In one way my fellow-Occidentals were a great trial to me in the Orient. Their ungainly presence was always blotching some otherwise flawless picture of Eastern life. But in Tokio one so rarely saw a European that one forgot to resent it when one did, and indeed welcomed it as one more unique detail of an enchantingly novel whole.
I believe that Madame Sannomiya stands alone—the one European woman, of high character, high intellect, and charming personality, who has become a naturalised and potential individual at an Eastern Court.[[2]] I have seen, at the courts of native princes in India, European women who, to speak mildly, would never be received at the Court of St. James’s, and who would be painfully embarrassed if they were. But this European woman is very different. She is the respected wife of an eminent man. Her position is even very unlike that of the wife of a foreign minister, who is tolerated by diplomatic policy or welcomed by international courtesy. She is one of the Japanese. They like and honour her. She likes, and is certainly happy with them.
Yoshitane Sannomiya was the handsomest Japanese man I ever saw, and by far the manliest-looking. My husband, who had much talk with Mr. Sannomiya, found him the superior of his countrymen in general information, in mental grasp, and in his command of English.
A card of his lies before me as I write. Beneath his name is engraved: “Vice Grand Maître des Cérémonies, et Maître de la Cour de S. M. l’Impératrice.”
He was a first favourite of both Emperor and Empress, and I often heard his wife spoken of as the most influential person at the Court. The statement seems extreme; but when I came to see and know Madame Sannomiya, I grew to regard the expression as very conceivably exact.
Speaking broadly, the Japanese never do anything. They indicate everything. Madame Sannomiya indicated nothing. She did everything. The Japanese have two gifts pre-eminently: the gift of grace and the gift of touch. Their national gift of touch amounts to national genius. Upon a common piece of paper, with a blunt pencil, a Japanese artist (and almost all Japanese are artists) makes four or five strokes.
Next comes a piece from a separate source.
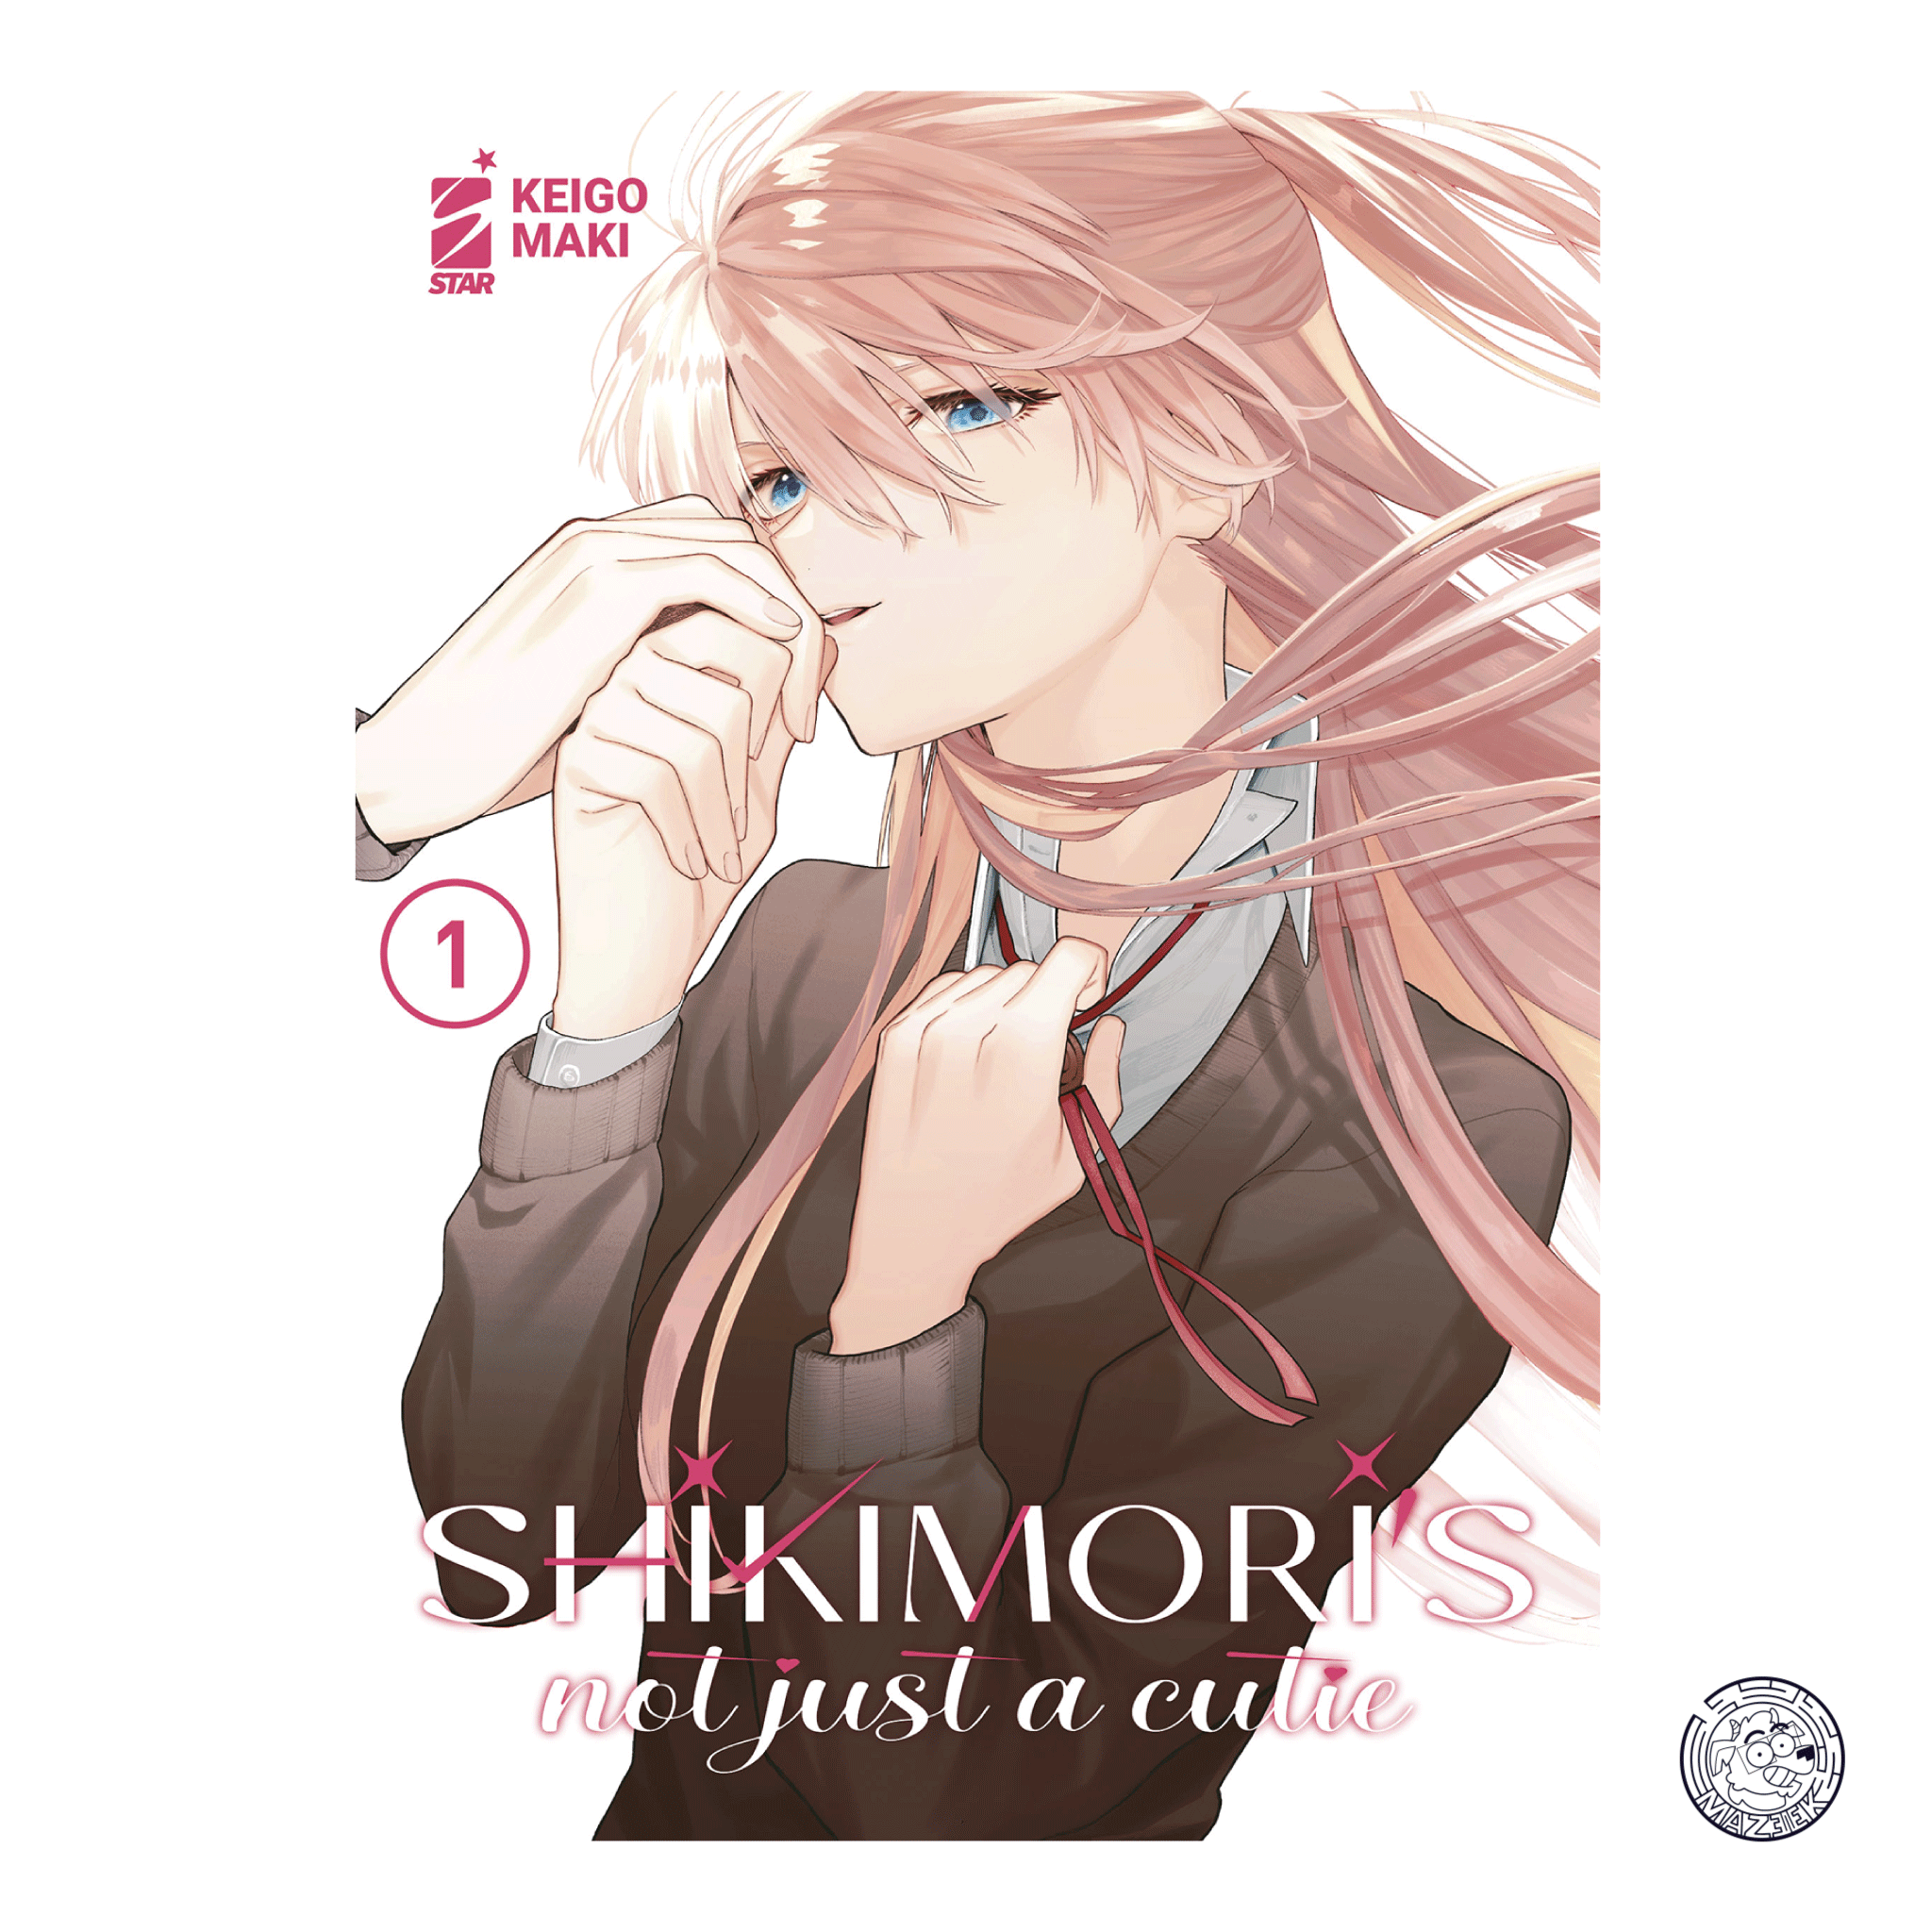 Shikimori's Not Just a Cutie 01

When he takes away his hand you see a picture; not a thoroughly elaborated picture, but a picture in which every detail is indicated with inspired fidelity. He draws three petals—but draws them so that you see the whole flower. Yes, and you can smell it too, if your soul is half as artistic as his is! Madame Sannomiya was graceful, but hers was the grace of a large woman. Her grace supplemented her dignity. The Japanese admired her dignity; it was novel. It indicated a strange force of character, and it was saved from ever grating upon them, because it was never ungraceful. Madame Sannomiya had, rather than the gift of touch, the gift of grasp. If anything interested or concerned her, she thrust her supple fingers about its roots. But her fingers were white and warm. She was superlatively a gentlewoman; and her friends at Tokio respected her thoroughness and energy of nature, which they never dreamed of imitating.
I first saw Madame Sannomiya in her own house. I went to her to ask her a favour—went without a line of introduction. I wonder if any one ever lived who liked to ask favours? I hate it so much that I have almost never done it. I believe that I can count the times, partly because they have been so few and partly because they have made such a nasty impression on me. There were a number of reasons why this particular favour should be asked of the Empress by me, through Madame Sannomiya. I suppose every woman does her duty once in a lifetime; and I did my duty.
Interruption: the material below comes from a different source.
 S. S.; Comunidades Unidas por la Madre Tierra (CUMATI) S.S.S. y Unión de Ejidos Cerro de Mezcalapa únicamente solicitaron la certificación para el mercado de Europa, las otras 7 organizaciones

I remember that I felt very uncomfortable as I stepped out of the Imperial Hotel into my ’rickshaw. But put me in a ’rickshaw and whirl me through the streets of Yeddo, and I defy anything, short of keen physical pain or deep personal sorrow, to keep me in discomfort over five minutes. I forgot everything in looking. We may not all paint pictures, but we may all drink them in, if we are blessed with real eyesight.
It was a long ride. I had only been in Tokio a few days, and I drank deep, intoxicating draughts of beauty. We went through streets of native shops; not shops decked out with things affectedly, exaggeratedly, or occasionally Japanese—things grouped to snare the heavy-pursed Europeans—but shops stocked with the everyday necessities of ordinary Japanese life.
There is not, I believe, a European shop in Tokio. Think of it! It is the only place of any considerable size I have ever been in that was entirely destitute of a European shopkeeper.